The downward force of gravity (F_g) equals the upward force of drag (F_d). The net force on the body is then zero, and the result is that the velocity of the object remains constant.

In fluid dynamics an object is moving at its terminal velocity if its speed is constant due to the restraining force exerted by the air, water or other fluid through which it is moving.

A free-falling object achieves its terminal velocity when the downward force of gravity (F_g) equals the upward force of drag (F_d). This causes the net force on the object to be zero, resulting in an acceleration of zero.^[1]

As the object accelerates (usually downwards due to gravity), the drag force acting on the object increases, causing the acceleration to decrease. At a particular speed, the drag force produced will equal the object's weight $(mg)$ . At this point the object ceases to accelerate altogether and continues falling at a constant speed called terminal velocity (also called settling velocity). Terminal velocity varies directly with the ratio of weight to drag. More drag means a lower terminal velocity, while increased weight means a higher terminal velocity. An object moving downward with greater than terminal velocity (for example because it was affected by a downward force or it fell from a thinner part of the atmosphere or it changed shape) will slow until it reaches terminal velocity.

1 Examples
- 1.1 Derivation for terminal velocity
2 Terminal velocity in the presence of buoyancy force
- 2.1 Terminal velocity in creeping flow
- 2.2 Applications
3 See also
4 References
5 External links

Examples

Based on wind resistance, for example, the terminal velocity of a skydiver in a free-fall position with a semi-closed parachute is about 195 km/h (120 mph or 55 m/s).^[2] This velocity is the asymptotic limiting value of the acceleration process, because the effective forces on the body balance each other more and more closely as the terminal velocity is approached. In this example, a speed of 50% of terminal velocity is reached after only about 3 seconds, while it takes 8 seconds to reach 90%, 15 seconds to reach 99% and so on. Higher speeds can be attained if the skydiver pulls in his or her limbs (see also freeflying). In this case, the terminal velocity increases to about 320 km/h (200 mph or 90 m/s),^[2] which is also the terminal velocity of the peregrine falcon diving down on its prey.^[3] And the same terminal velocity is reached for a typical .30-06 bullet travelling in the downward vertical direction — when it is returning to earth having been fired upwards, or perhaps just dropped from a tower — according to a 1920 U.S. Army Ordnance study.^[4]

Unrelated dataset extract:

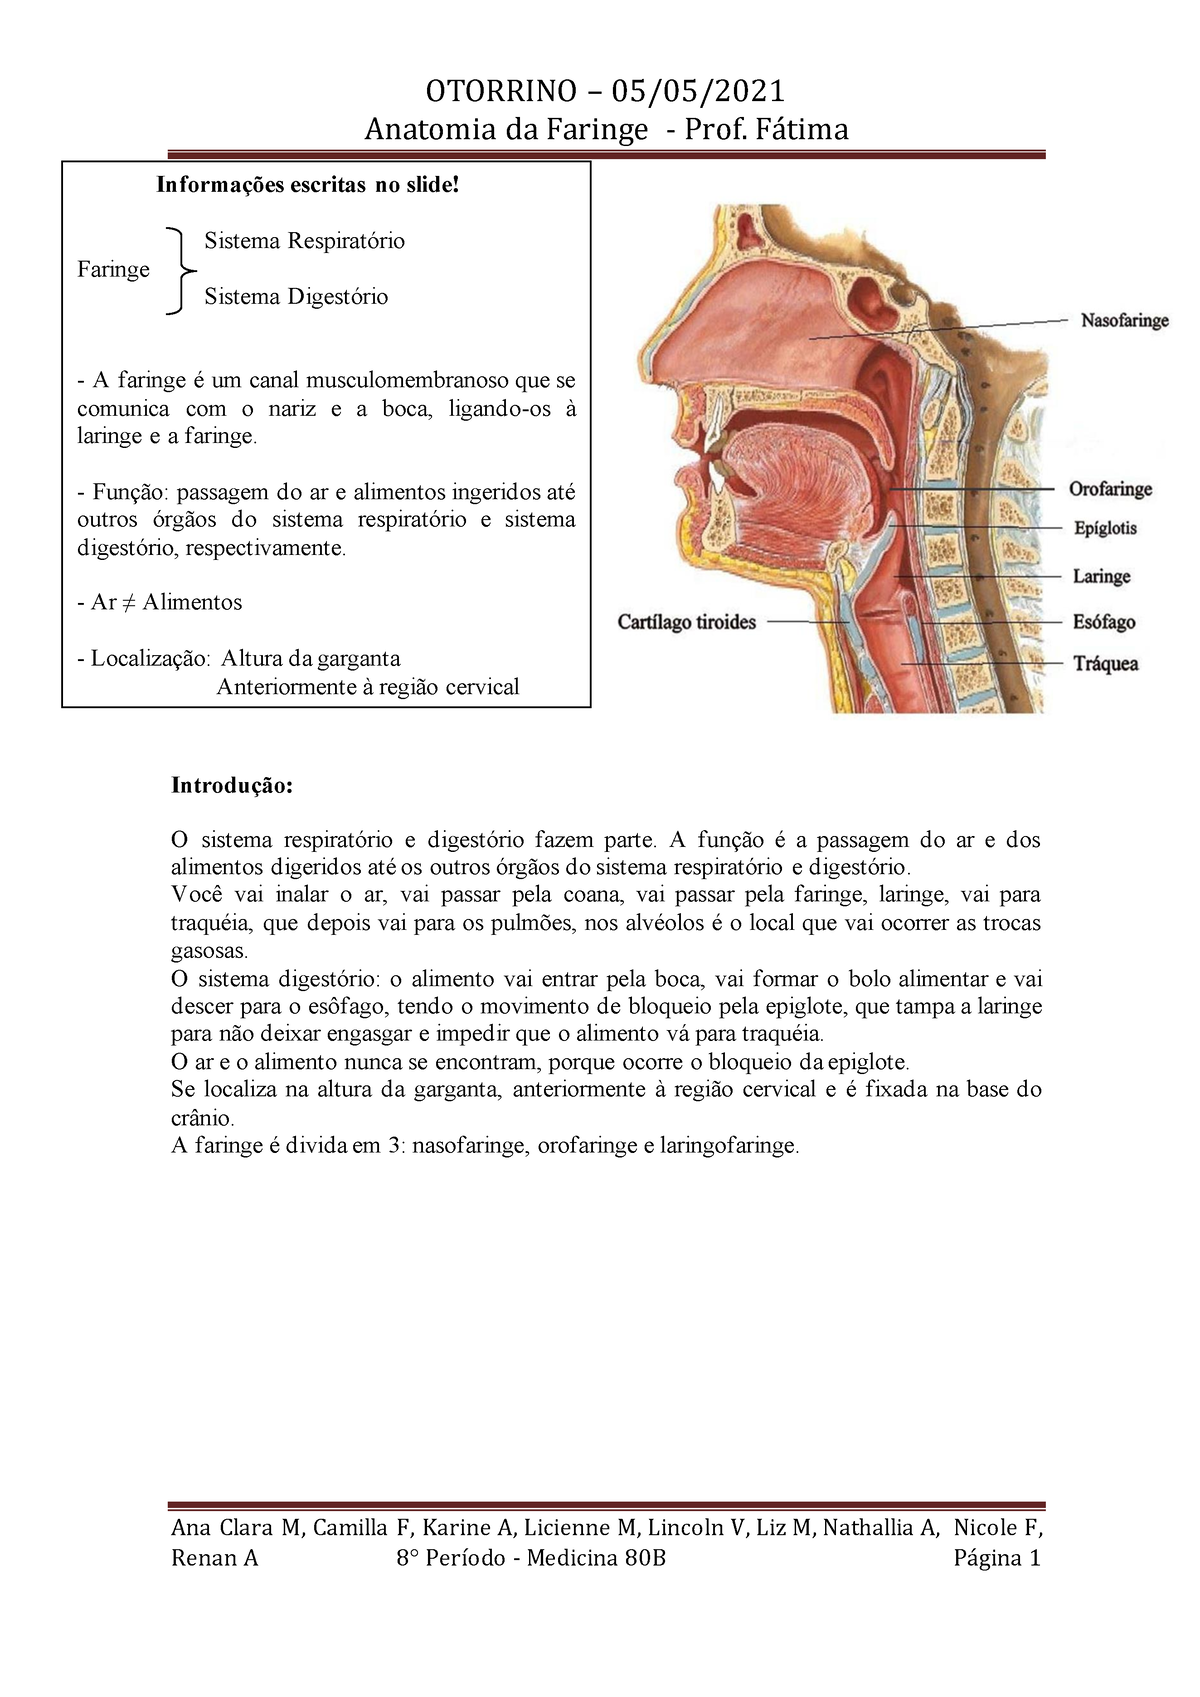 Anatomia da faringe pdf OTORRINO Anatomia da Faringe Prof Fátima Ana Clara M
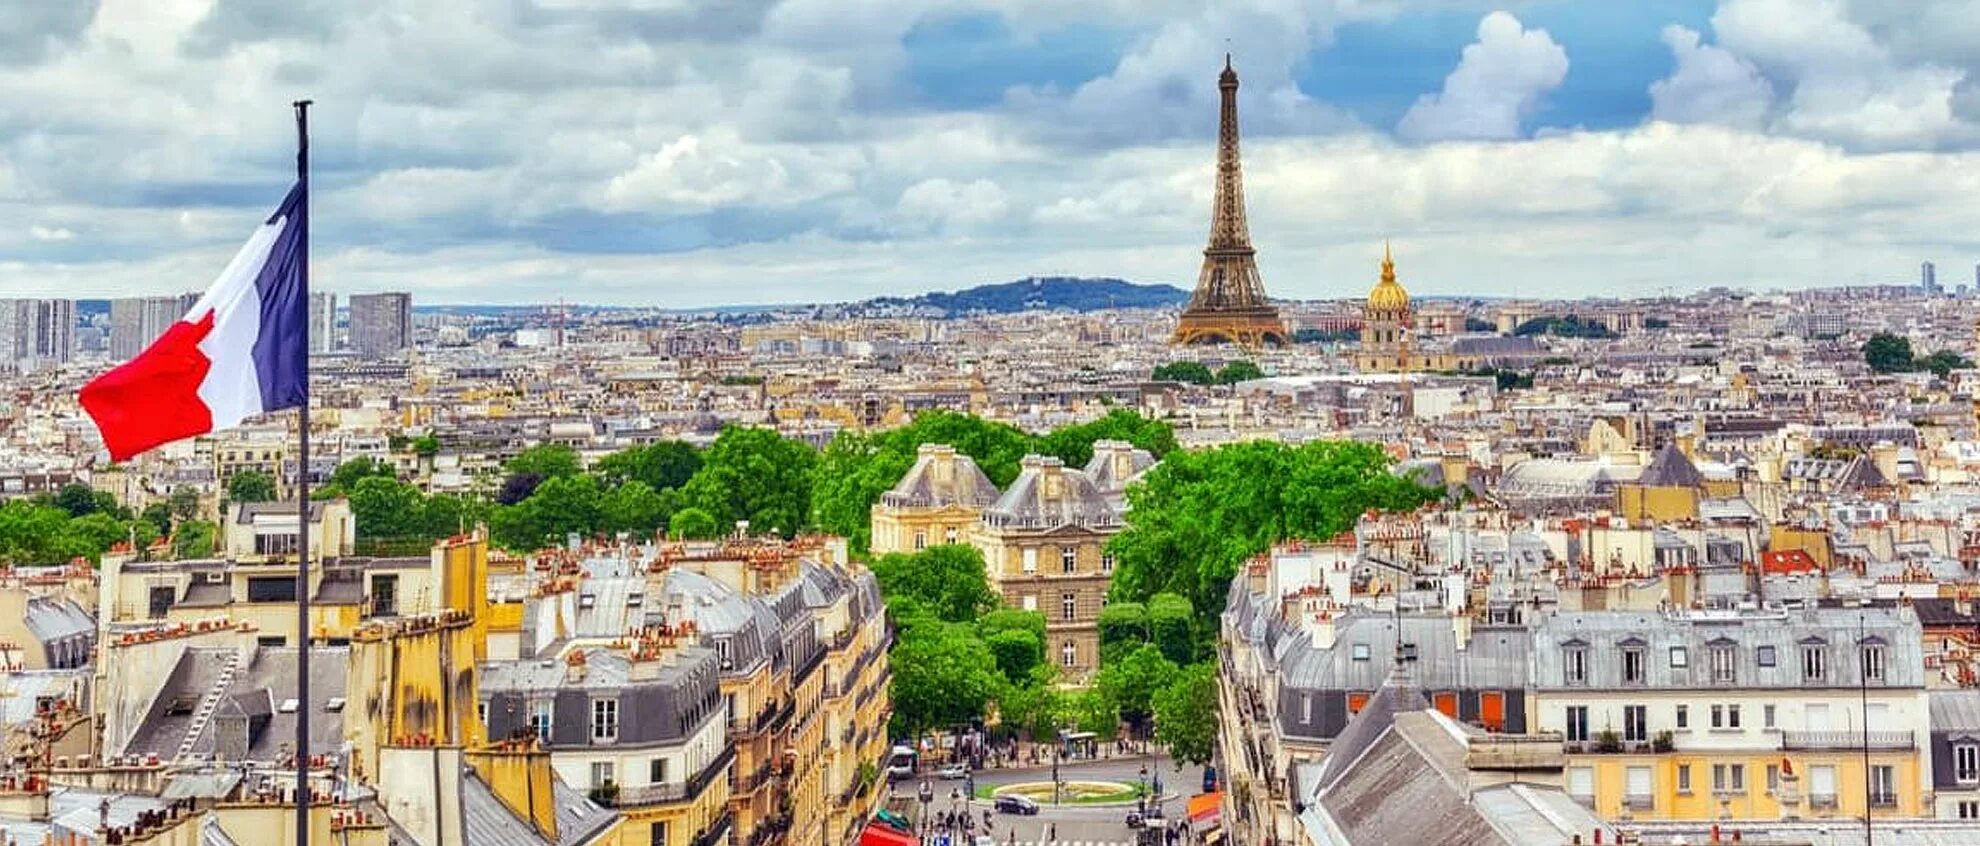 Француз ввести. Эльфиева башня с флагом Франции. Флаг Парижа. Флаг Парижа Франции. Флаг Франции фото.

Competition speed skydivers fly in the head down position reach even higher speeds. The current world record is 614 mph (988 km/h) by Joseph Kittinger, set at high altitude where the lesser density of the atmosphere decreased drag.^[2]

An object falling toward the surface of the Earth will fall 9.81 meters (or 32.18 feet) per second faster every second (an acceleration of 9.81 m/s² or 32.18 ft/s²). The reason an object reaches a terminal velocity is that the drag force resisting motion is approximately proportional to the square of its speed. At low speeds, the drag is much less than the gravitational force and so the object accelerates. As it accelerates, the drag increases, until it equals the weight. Drag also depends on the projected area. This is why things with a large projected area, such as parachutes, have a lower terminal velocity than small objects such as bullets.

Mathematically, terminal velocity — without considering the buoyancy effects — is given by

$V_t= \sqrt{\frac{2mg}{\rho A C_d }}$

where

$V_t$ = terminal velocity,

$m$ = mass of the falling object,

$g$ = acceleration due to gravity,

$C_d$ = drag coefficient,

$\rho$ = density of the fluid through which the object is falling, and

$A$ = projected area of the object.

Mathematically, an object approaches its terminal velocity asymptotically.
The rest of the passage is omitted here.